The nuances are hard to describe, but definitely there, reminding me of
Miri's ability to quarry-speak most clearly, especially when in peril,
with the young man closest to her own heart, Peder. Although their
feelings for one another have not been fully acknowledged or recognized
even by themselves, the feelings are there (which Hale makes beautifully
clear from their awkwardness around one another).
More than Meg and Calvin, however, Peder and Miri's ability to
communicate reminded me forcefully of Vicky Austin and Adam Eddington in
A Ring of Endless Light. If
absolutely forced to choose a favorite L'Engle novel, I would probably
choose Ring, which I read over and over again between the ages of 15-25.
I don't know why it never dawned on me with any forcefulness (until
now!) that the unspoken communication developed in Ring looks an awful
lot like kything. Vicky experiences an ability to communicate without
words (and to receive communications, often in the form of wordless
images) first with dolphins (animals are always very important in
Madeleine's work) and then with Adam, the young man who introduces her
to the dolphins.
Maybe one reason I never made an explicit connection is because
distinctions used to be often made between Madeleine's "chronos" books
and her "kairos" books. In her so-called kairos books, characters were
not bound by the normal nature of time, while characters in the chronos
books never time-traveled. That's a useful enough distinction in some
regards, but it's not so easy to break her books down into categories of
"fantasy" and "realism" with the kairos books neatly falling into one
and the chronos books into the other. Even in her more realistic books,
where the characters don't fly with unicorns, there are mystical
elements. Vicky, after all, flies with dolphins.

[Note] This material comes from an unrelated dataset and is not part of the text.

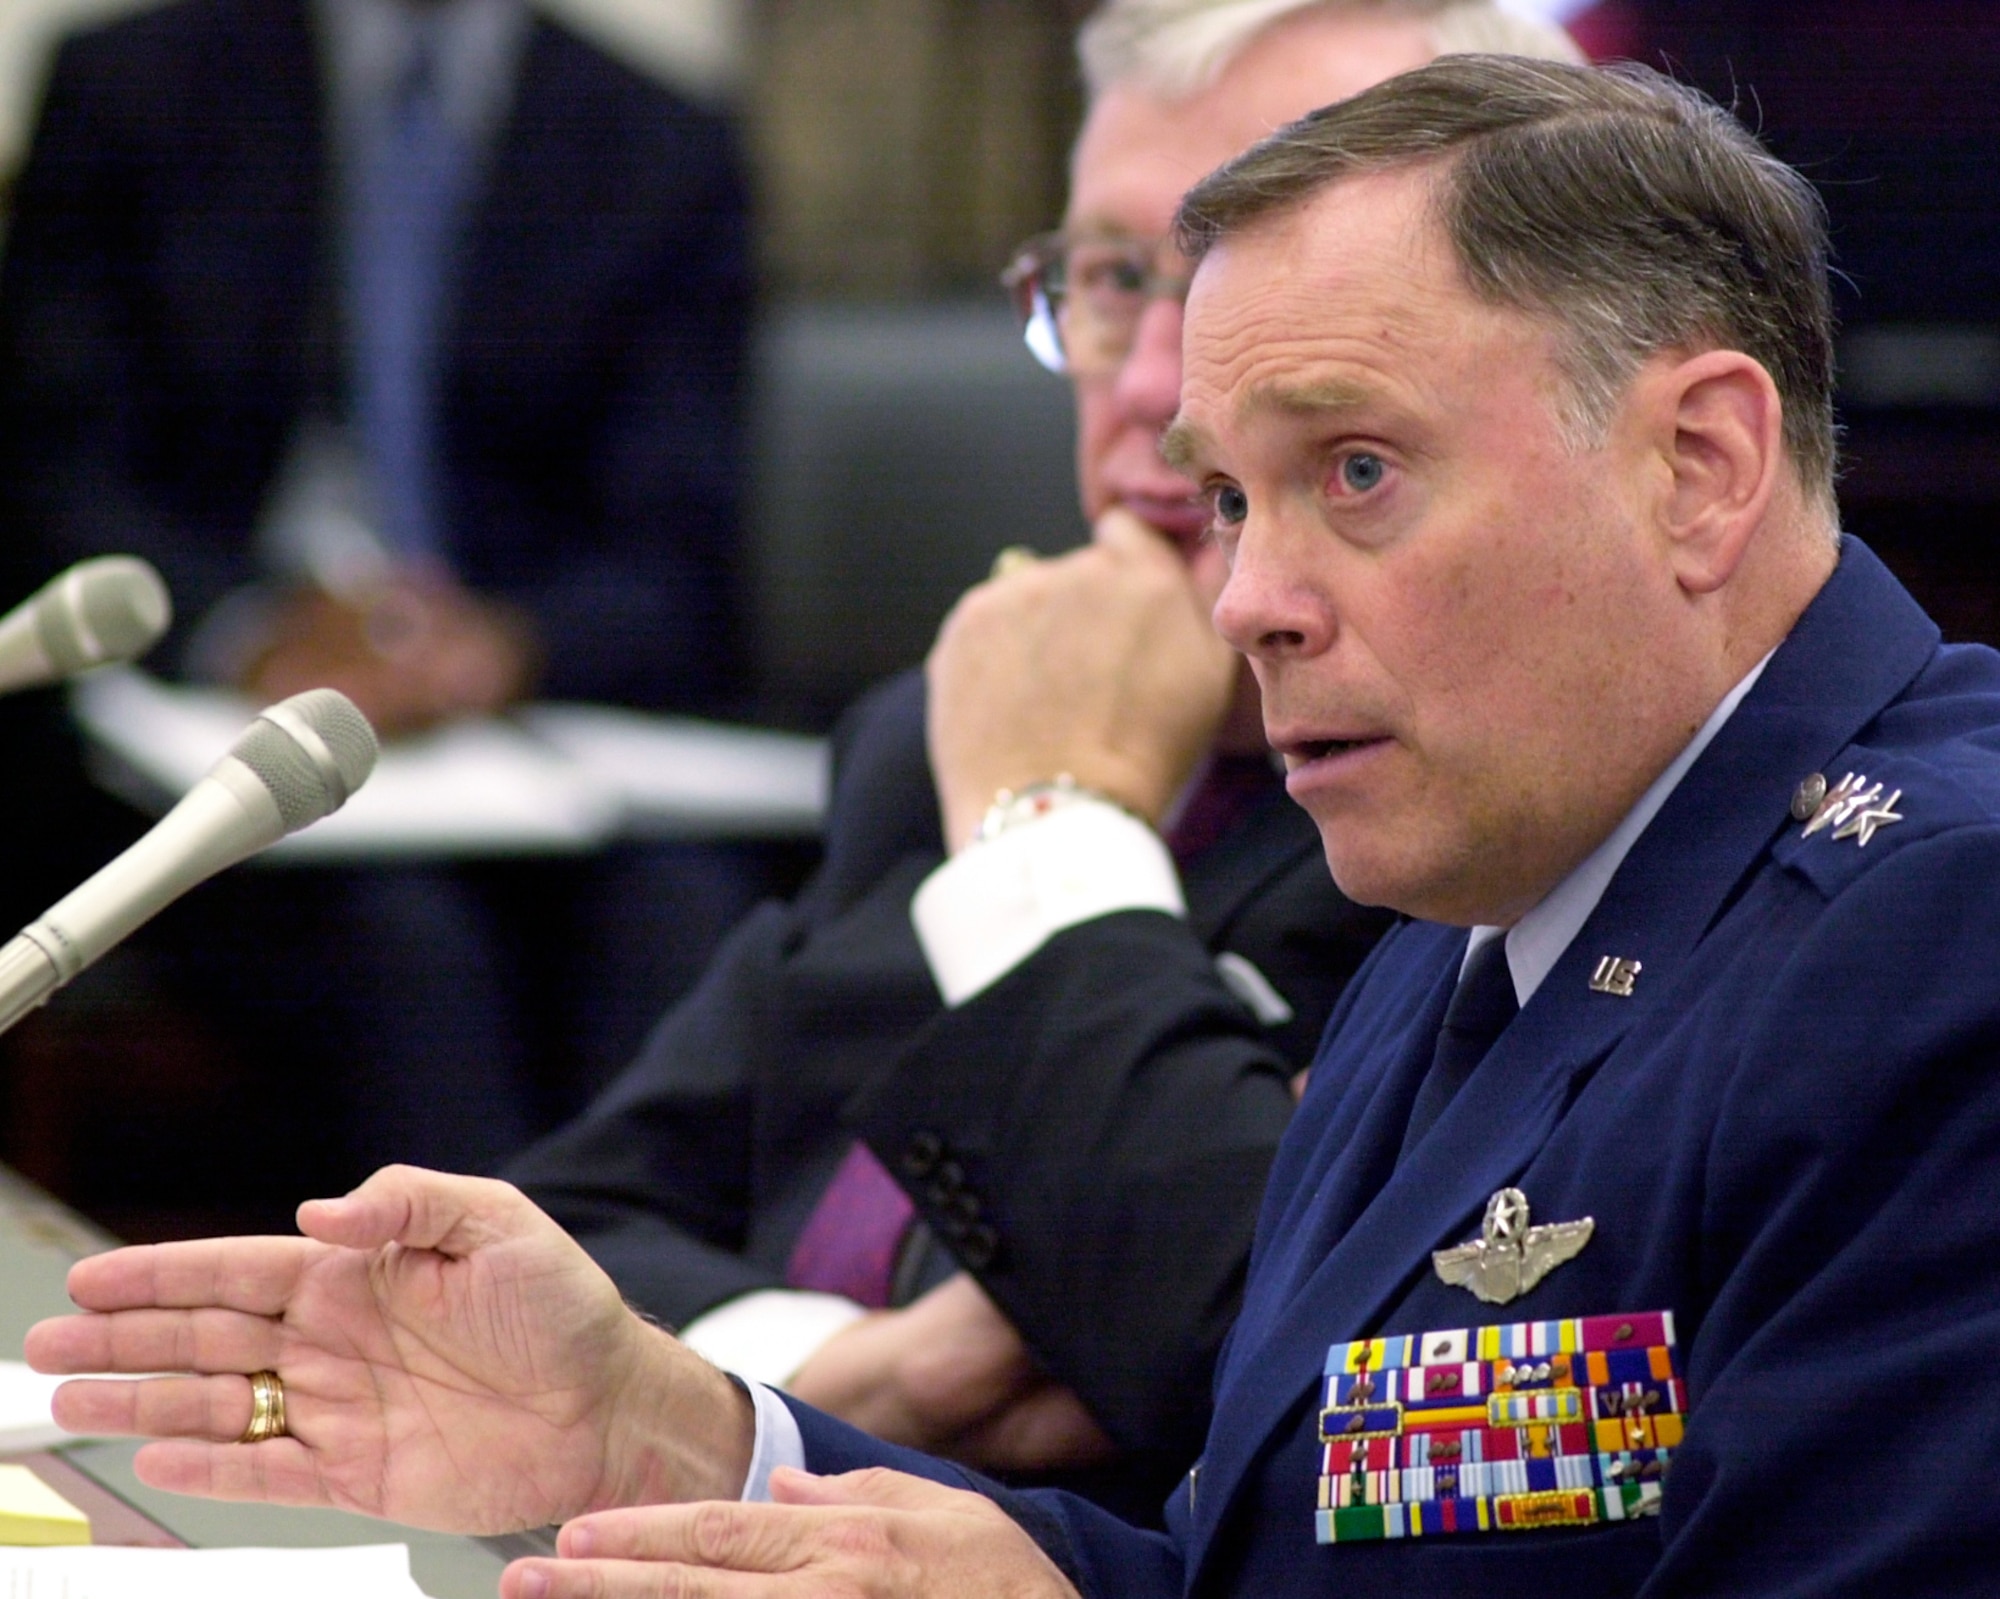 WASHINGTON -- Secretary of the Air Force Dr. James G. Roche looks on as Air Force Chief of Staff Gen. John P. Jumper answers questions during a hearing of the House Appropriations Committee subcommittee on defense on March 19.  (U.S. Air Force photo by Tech. Sgt.  Jim Varhegyi)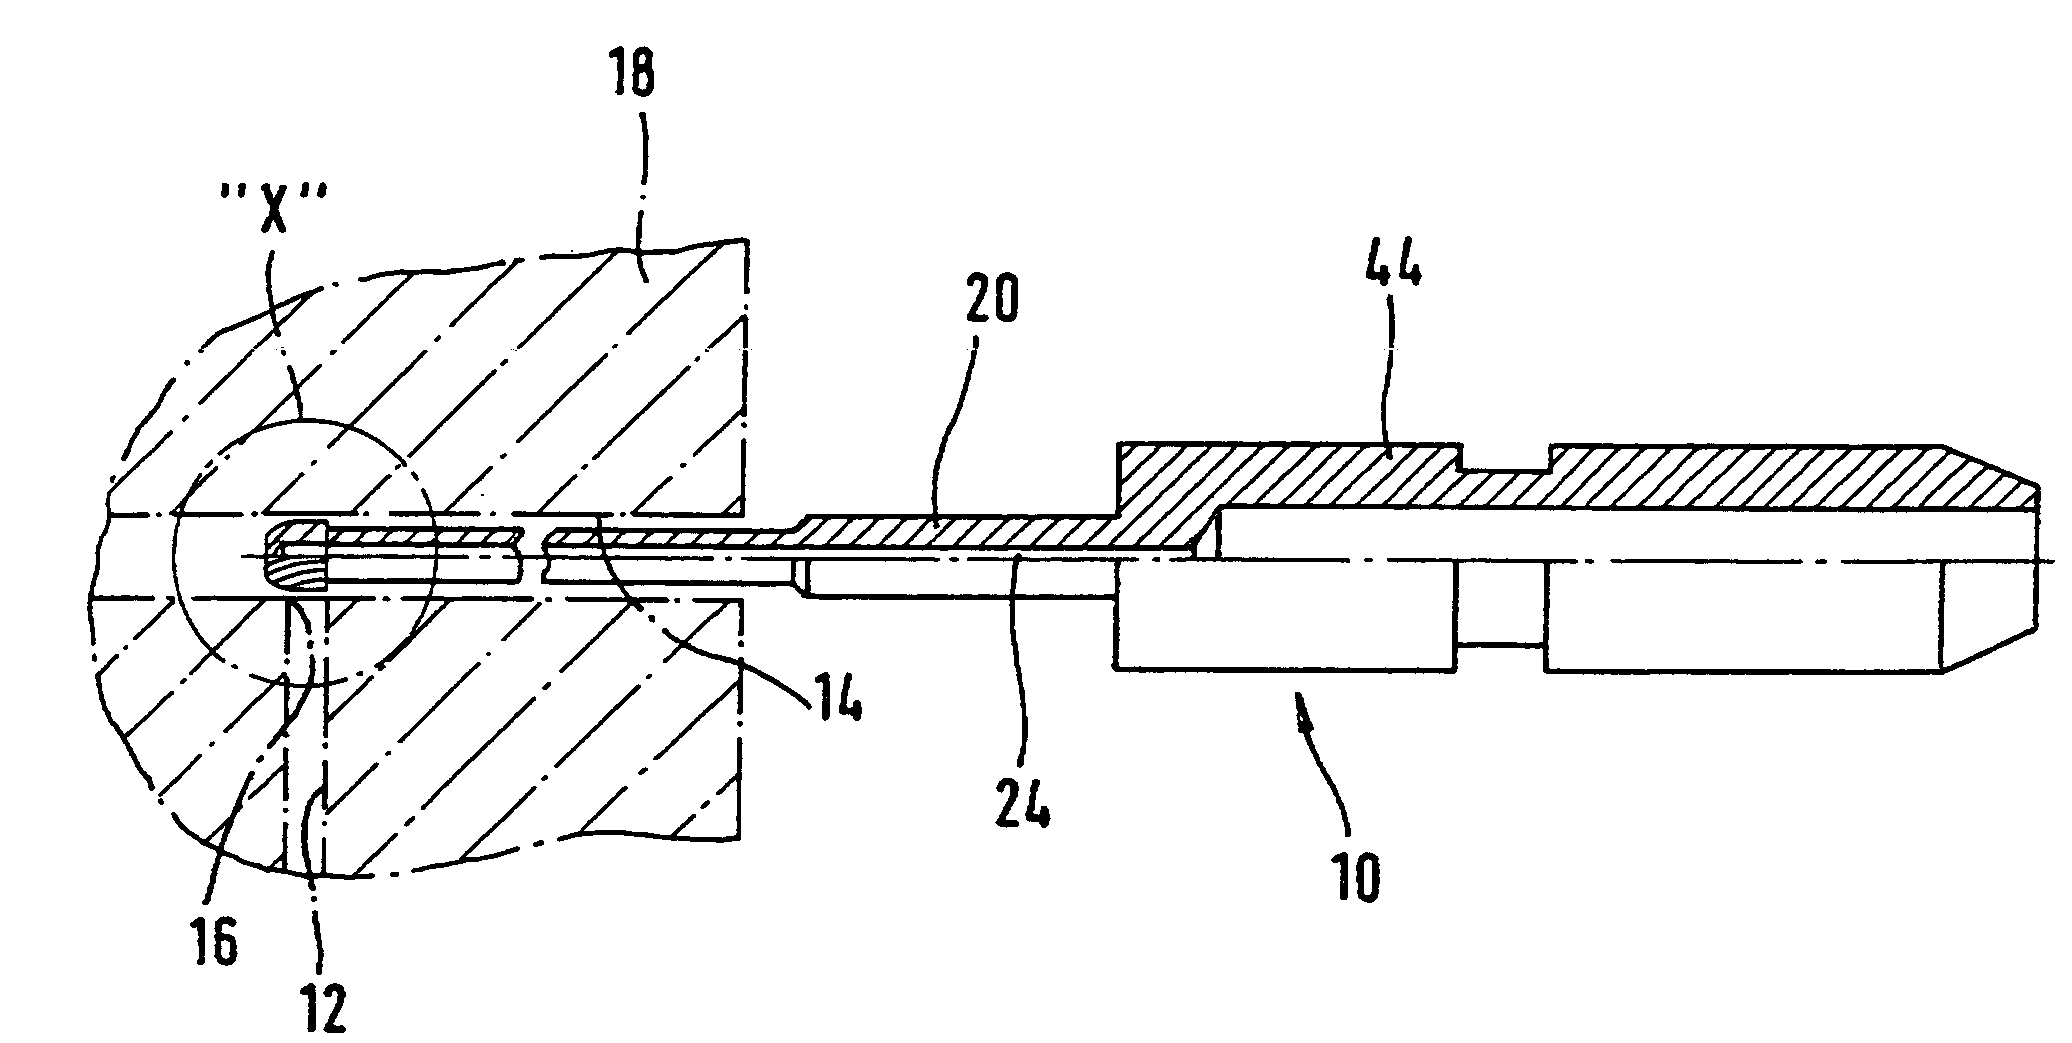 Tool, method, and apparatus for removing burrs from bores

I've wandered far afield. My main observation is that Miri's unspoken
message to Peder felt familiar, not in a derivative way, but in a
lovely, shared tradition way. Peder's response in her time of peril
mirrors Adam's. Vicky and Adam's wondering exchange (once the peril is
past) is so sweet and simple:
"I called you --" "And I came," he said. Words that could have been quarry-sung in another book, time and place.